Red Letter Poem #304

Three poems from: Little World Forms

This will be one of the easiest commentaries I’ve had to write: just look.

Need I say more?  Then perhaps some historical context would be helpful.  We, here in the West, think of reading as an act of cerebral decoding: at a very young age, we memorized a set of symbols (and if I started chanting the alphabet song right now, you’d hardly be able to restrain yourself, joining me in this primal sing-song mantra).  These symbols hauled with them their cargo of sounds, and we quickly assembled the phonemes, linked the syllables to form words, and used them to retrieve the meanings we’d also memorized somewhere in our always-evolving reading history.  But many millennia ago, there was a bifurcated path—and while some early cultures developed languages using alphabets, in a variety of forms, others opted for ‘pictographs’: picture-words to represent what they were seeing in the world.  For example, in ‘seal script,’ the earliest written form of Chinese, sun was a round disc rising above an horizon; moon was a crescent shape doing the same; mountain, three jagged peaks.  You read by seeing first, and then calling up the memories attached to earlier visions.  (Our alphabet, on the other hand, receives only cursory attention as the letters instantly lead us to sound out the words.)  And while Mandarin has evolved far beyond its pictographic origins, its practice has wired billions of brains in a manner somewhat differently than yours and mine—a difference we poets here in the West began to appreciate, even emulate with a style of 20th century verse we called imagism, whose approach was: show the reader the world rather than simply explain it.  Let the eyes guide thought and not just the ear.

Meia Geddes is a young poet whose writing also seems to have two distinct branches.  She composes poems in a manner much like other contemporary writers.  But she’s also been working intently for years on a collection she calls Little World Forms, a genre that 20th century critics have dubbed ‘concrete poetry’—poetry with a decidedly visual presentation.  It is an appreciably different reading experience to see meaning, and not simply decode it (and while, of course, both are cerebral activities, different centers of the brain are being engaged).  This approach has deep historical antecedents: examine the graceful sweep of Nasta’liq script in Persian manuscripts, embellished in gold leaf; or the illuminated initials of medieval texts like the Book of Kells: the eyes are not simply the conduit for the eventual interpretation of words, they are the neural page upon which meaning is inscribed.  To read a visual poem—like the ones in William Blake’s hand-drawn Songs of Innocence and Experience; Guillaume Apollinaire’s Calligrammes with its experimental calligraphic approach; or the childlike phantasmagoria in Kenneth Patchen’s ‘picture poems’—is to know once more that early delight of true symbolic thinking: that the world is discoverable, recordable, capable of being savored again and again.

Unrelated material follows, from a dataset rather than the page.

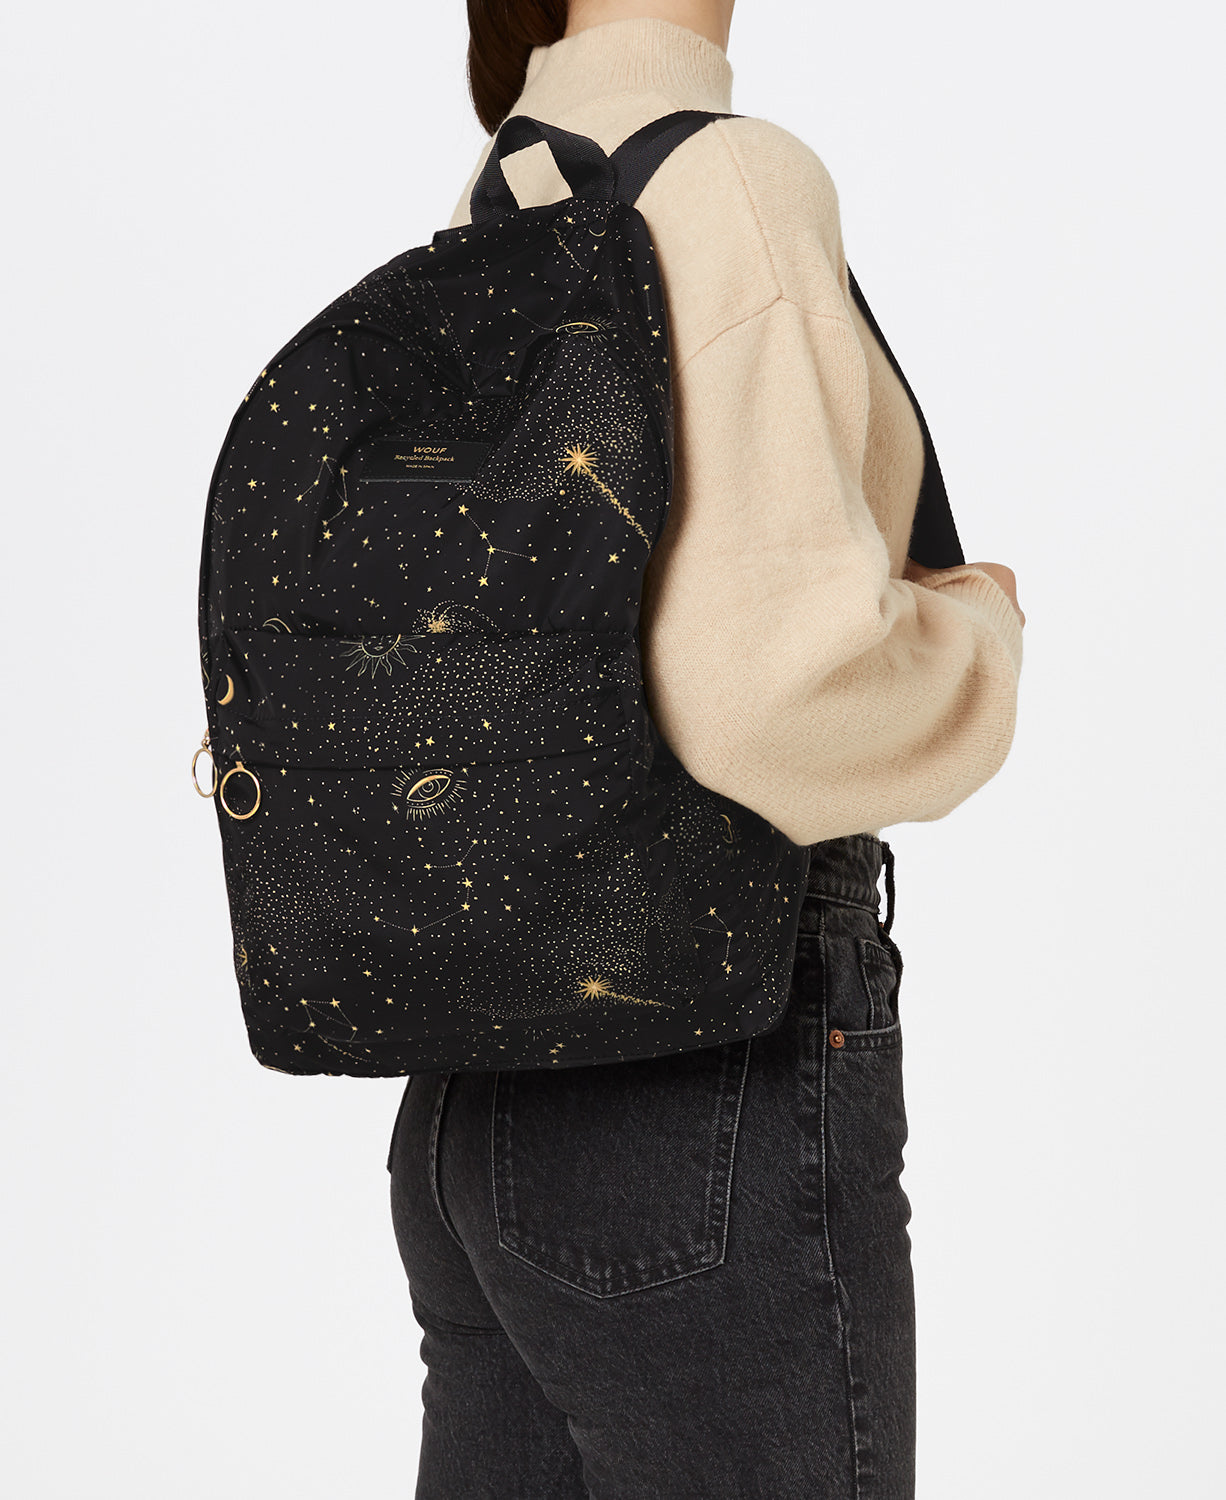 Recycled Backpack - Galaxy

Meia Geddes is a writer, artist, and librarian at the Boston Public Library.  The author of The Little Queen and Love Letters to the World, she is currently an MFA candidate at the University of Massachusetts—Boston.  A Fulbright scholar, she’s also received funding from the American Library Association and Martha’s Vineyard Institute of Creative Writing.  Meia is a member of the New England Book Artists and founder of the publishing enterprise Poetose.  When she first showed me the manuscript for Little World Forms, I could instantly feel how apt the title: worlds, not simply words—she was constructing maps to lead us to a variety of beautiful little realms that seem to float somewhere between childhood memory and grown-up dream.  Hers was the belief that, at certain moments, the world is not only legible, but intimately available; that we might pause to read the world with innocent eyes and, in so doing, feel language helping to decipher our own mysterious core.  And all we needed to do was—no, not simply look, but see: what was right in front of us; what was hovering behind our eyes.